Someone mentioned the paper  was a bit equation heavy to read. So I’ll give a simple example. You don’t have to download the data and code to get the idea but you can if you want to. The data comes from this paper. Stata code is here.  There are three binary variables: the outcome, the exposure and the confounder.  The mean of the confounder is 38.5% in the whole population, but it differs across the two levels of the exposure (58.3% for exposure = 0 and 32.5% for exposure = 1) so we need to balance the confounder when looking at the relationship between the exposure and the outcome. One method would be to use inverse probability weighting. This balances the confounder at the population mean in both levels of the exposure i.e. 38.5%. It is easy and standard to compare balance before and after adjustment when using inverse probability weighting, however you usually don’t see this in papers using an outcome regression. An outcome regression is just your standard regression model where the regression includes the outcome as the “dependent” variable and the exposure and confounder as “independent” variables. We illustrate a method to check where the outcome regression is balancing the confounder over the two levels of the exposure. It is at 51.9%. This is not the population mean of the confounder.  The “effect” of the exposure on the outcome is slightly different in the outcome regression compared to the inverse probability weighting as they are different populations (one with a mean of the confounder balanced at 38.5% and the other at 51.9%). In the code I show that it you run the outcome regression with an interaction between the exposure and the confounder (so it is saturated) and then calculate, using standardisation, an average effect of the exposure, if we standardise to a population where the confounder is balanced at 51.9% we get the effect of the exposure on the outcome we obtained from the outcome regression without the interaction. Put another way, the outcome regression isn’t balancing the interaction.

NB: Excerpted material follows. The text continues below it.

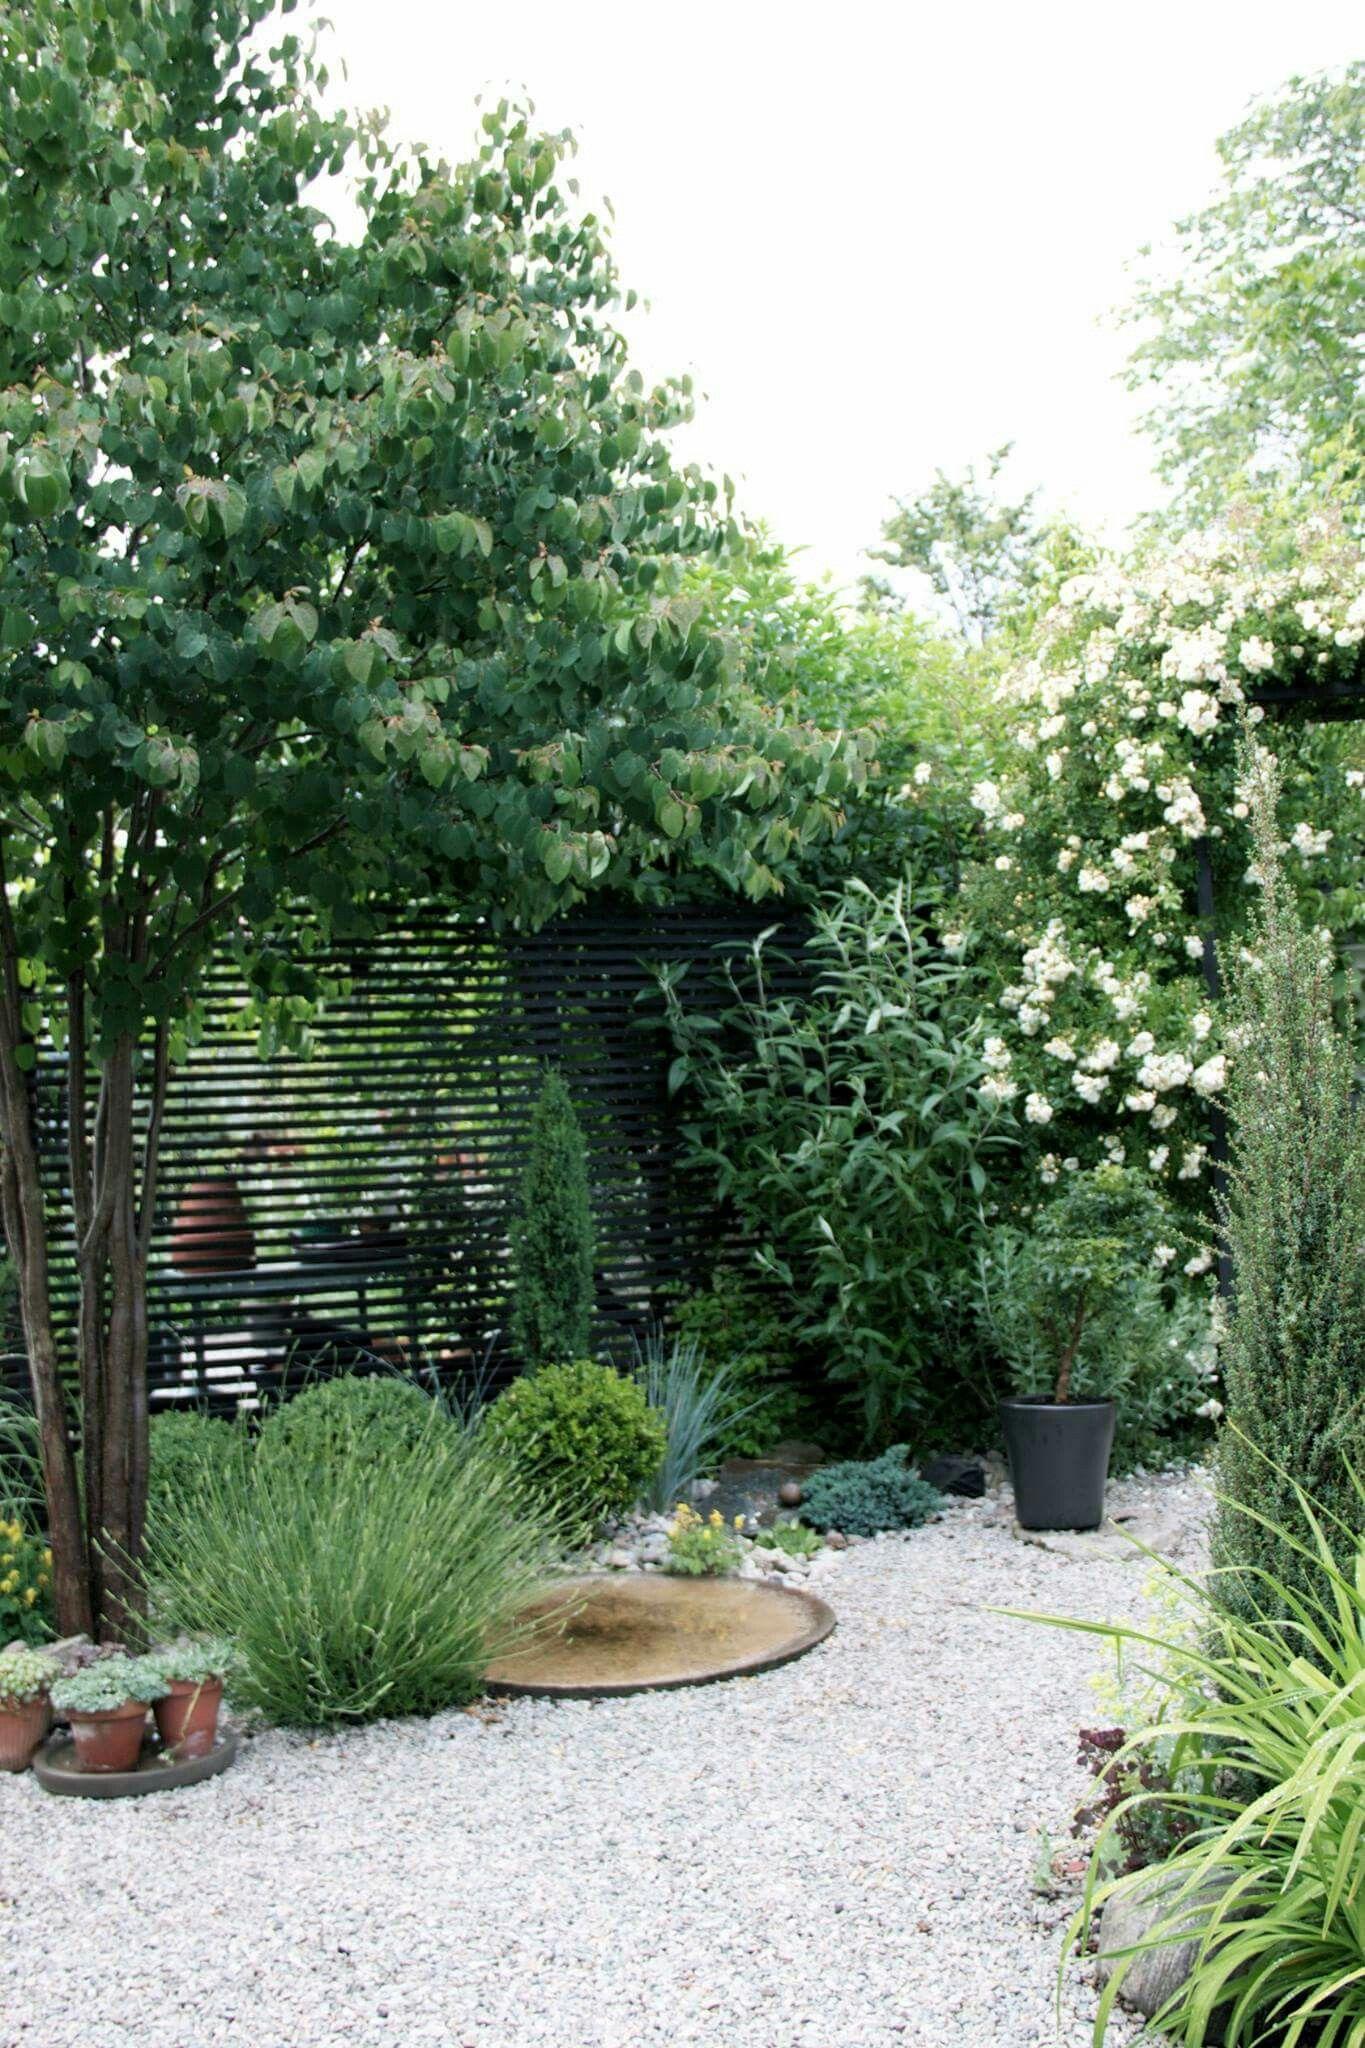 Kies und wand garden ideas - Kiesgarten bepflanzung ...

(Yes I am aware that in the code I use a linear regression for a binary outcome, but it doesn’t matter here, it was just a handy dataset!)

Original post

We’ve a new working paper (pre-print) and I would welcome comments either here on the blog or on the OSF site where the pre-print is hosted. There is also R and Stata code.  We’ve not shown anything new statistically but think we have a method of checking confounder balance in  outcome regressions.

The abstract is below.

“An outcome regression controlling for observed confounders remains a popular way to assess the causal effect of an exposure in epidemiology, despite more modern causal techniques for adjusting for observed confounders, such as inverse probability weighting. A feature of inverse probability weighting is that checking balance of confounders in the control and exposure groups after confounder adjustment is simple. However, researchers using outcome regressions commonly do not check confounder balance after controlling for confounders. Although outcome regressions will balance any confounder specified in the model, the confounder value the model balances at is not transparent. We show that a matrix representation of an outcome regression reveals that an outcome regression includes a weight similar to an inverse probability weight. We also show that outcome regressions may not be balancing at the sample mean of the confounders particularly if interactions are not included with the exposure, which is typically the case in outcome regressions. Finally, we show that the coefficient of the exposure in an outcome regression is simply the difference between two weighted counterfactuals. Thus, there is an important connection between traditional outcome regression and modern causal techniques.”